# xp users can upgrade to W8 for $40 USD



## valis

pretty good deal, IMO.

http://lifehacker.com/5922982/windows-8-will-be-a-3999-upgrade-for-xp-and-above


----------



## loserOlimbs

Too bad the GUI is so radically different from any other PC GUI... might turn everyone off of 8. That and many PCs still on XP probably can't handle 8 very well.


----------



## The_Compuguy

It's very funny after all these years, Microsoft wakes up.
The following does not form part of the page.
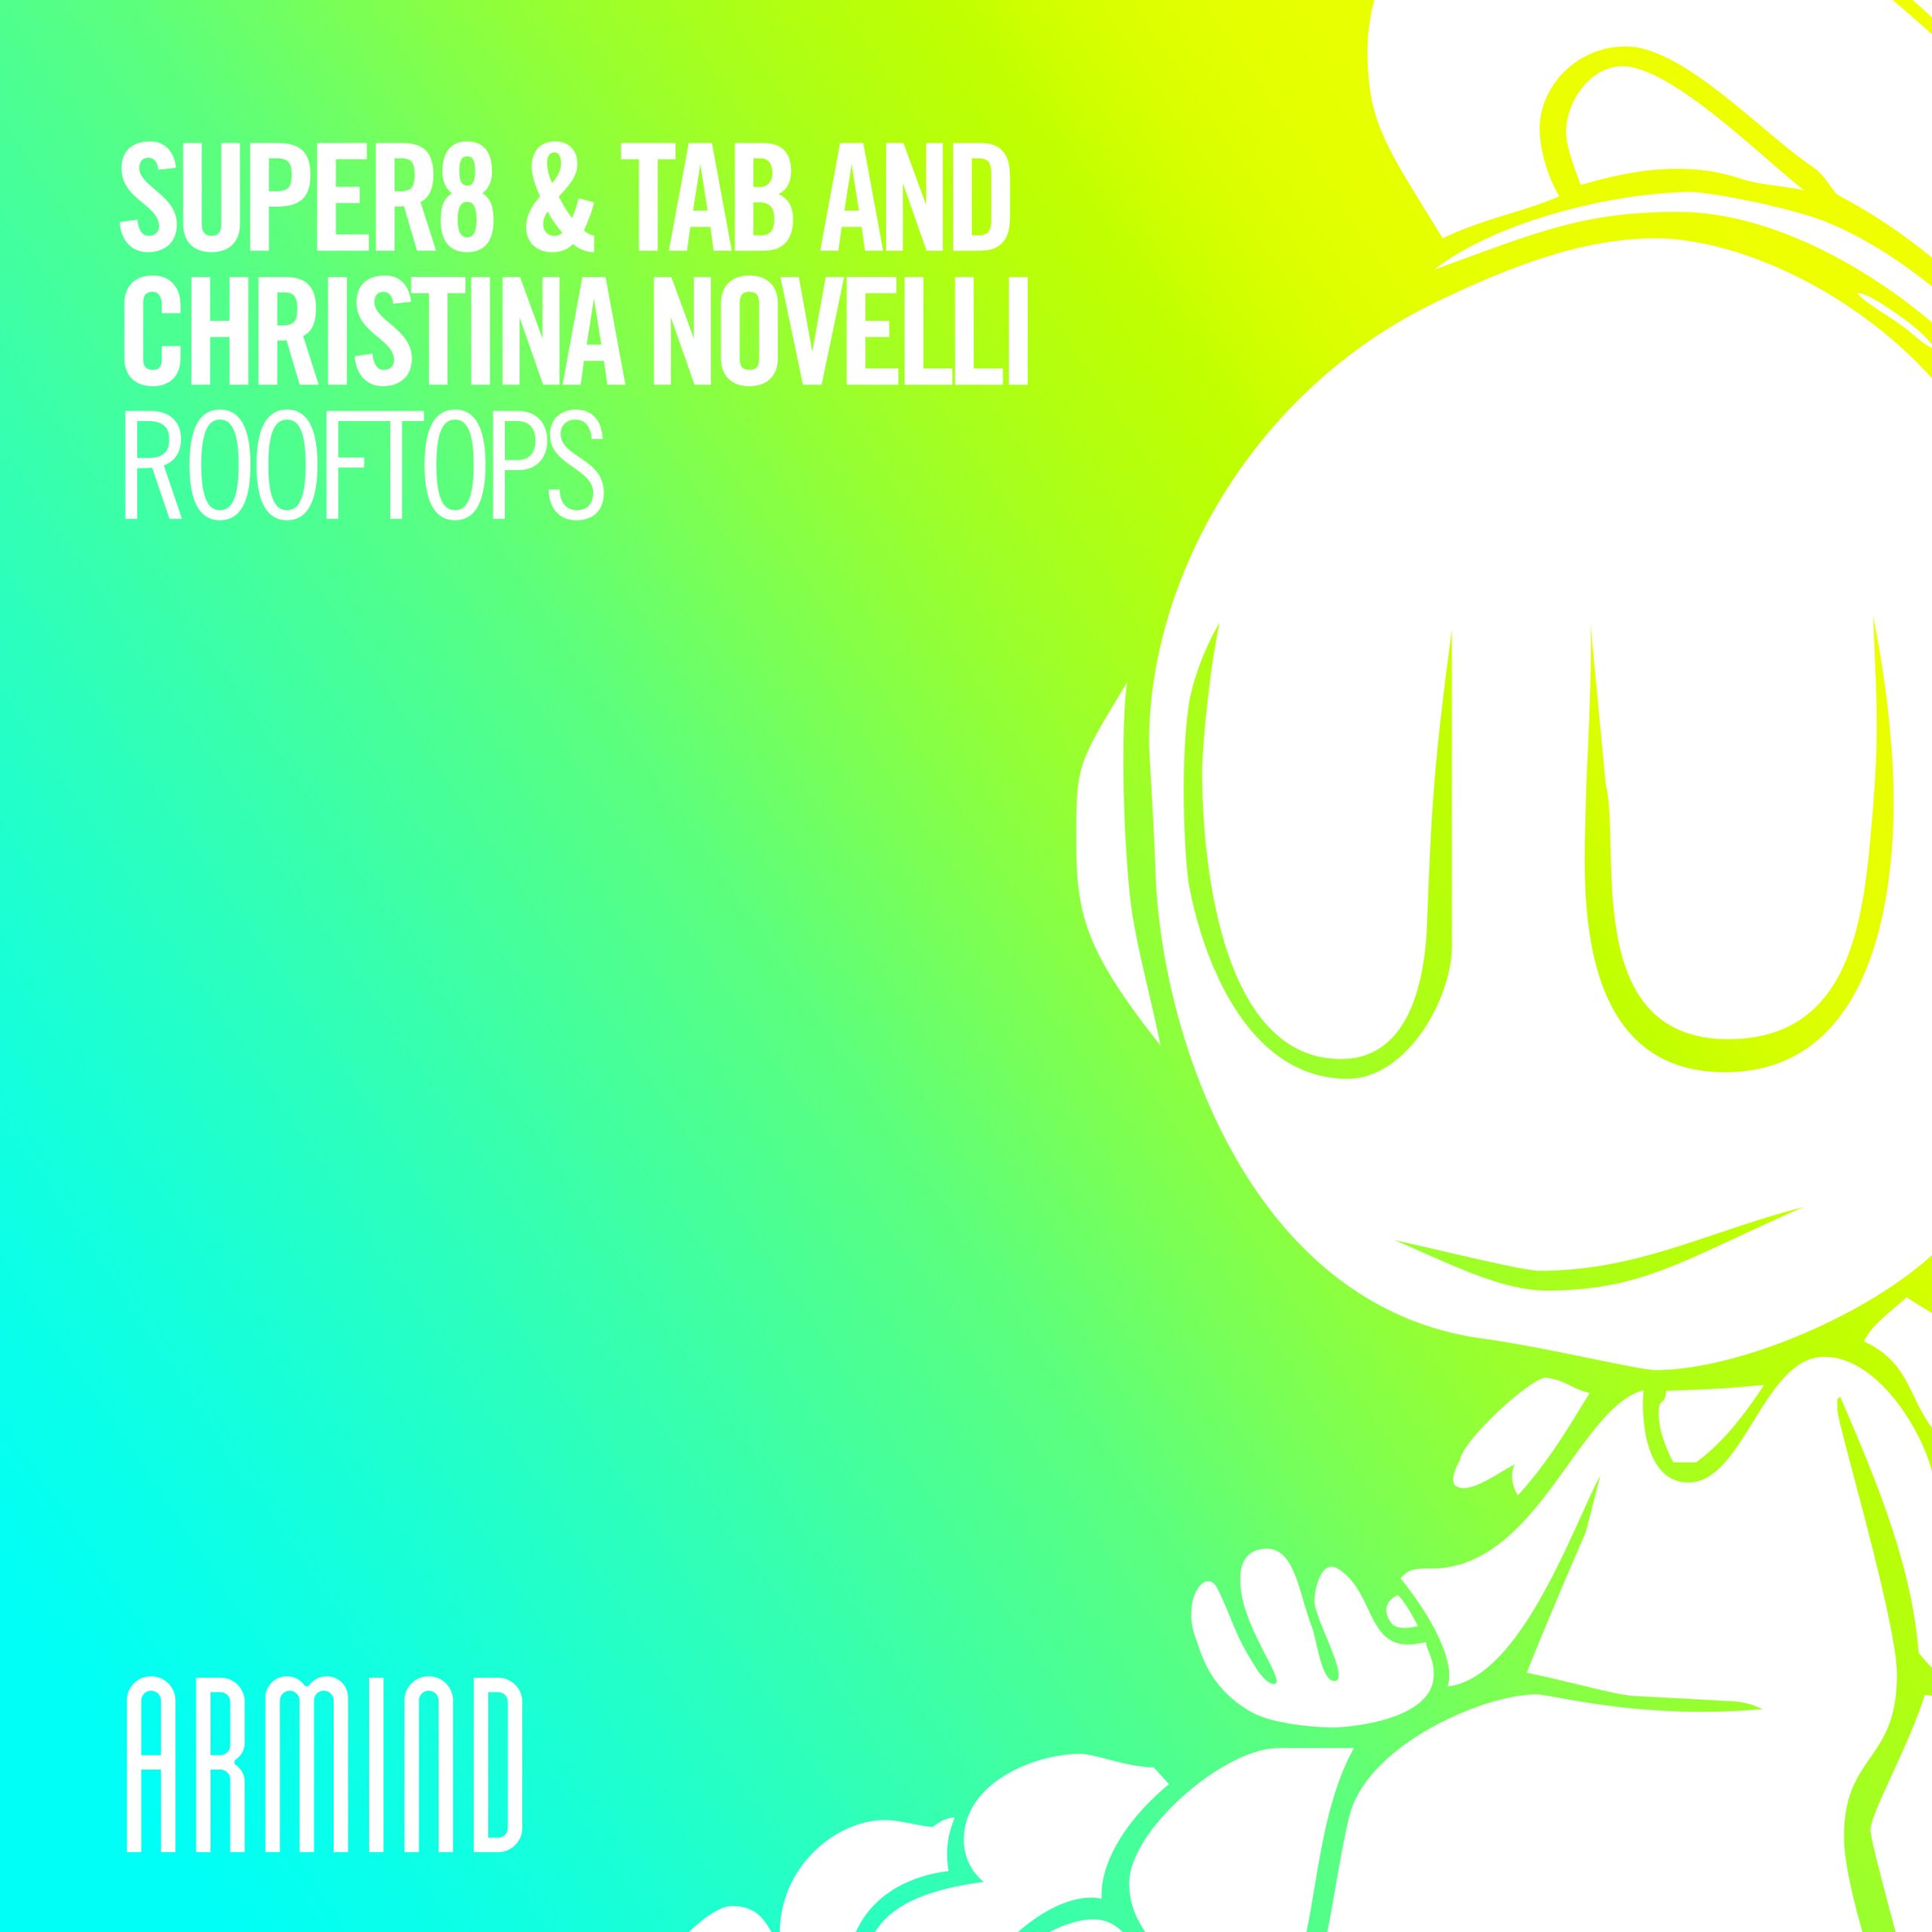 Super8 & Tab Christina Novelli Rooftops

Reduce Piracy by lowering the costs, Apple sells thier OS for $30 why not do the same, more sales, more legit customers!

Good Call Balmer!


----------



## loserOlimbs

The_Compuguy said:


> It's very funny after all these years, Microsoft wakes up. Reduce Piracy by lowering the costs, Apple sells thier OS for $30 why not do the same, more sales, more legit customers!
> 
> Good Call Balmer!


Apple has never sold an OS for $30. A service pack or a patch, yes... but the OS requires a purchase of their branded PCs at $1000+, and the OS is "free" with the system.


----------



## 935684

True, but once you buy the first OS with your machine, future major updates (or new OSs) only cost $20 or $30. The only limiting factor would be an OS that can't be handled by your particular machine

For example, I received Snow Leopard with my mini. If I recall correctly, I upgraded to Lion for $20, and, subsequently, to Mountain Lion for $30.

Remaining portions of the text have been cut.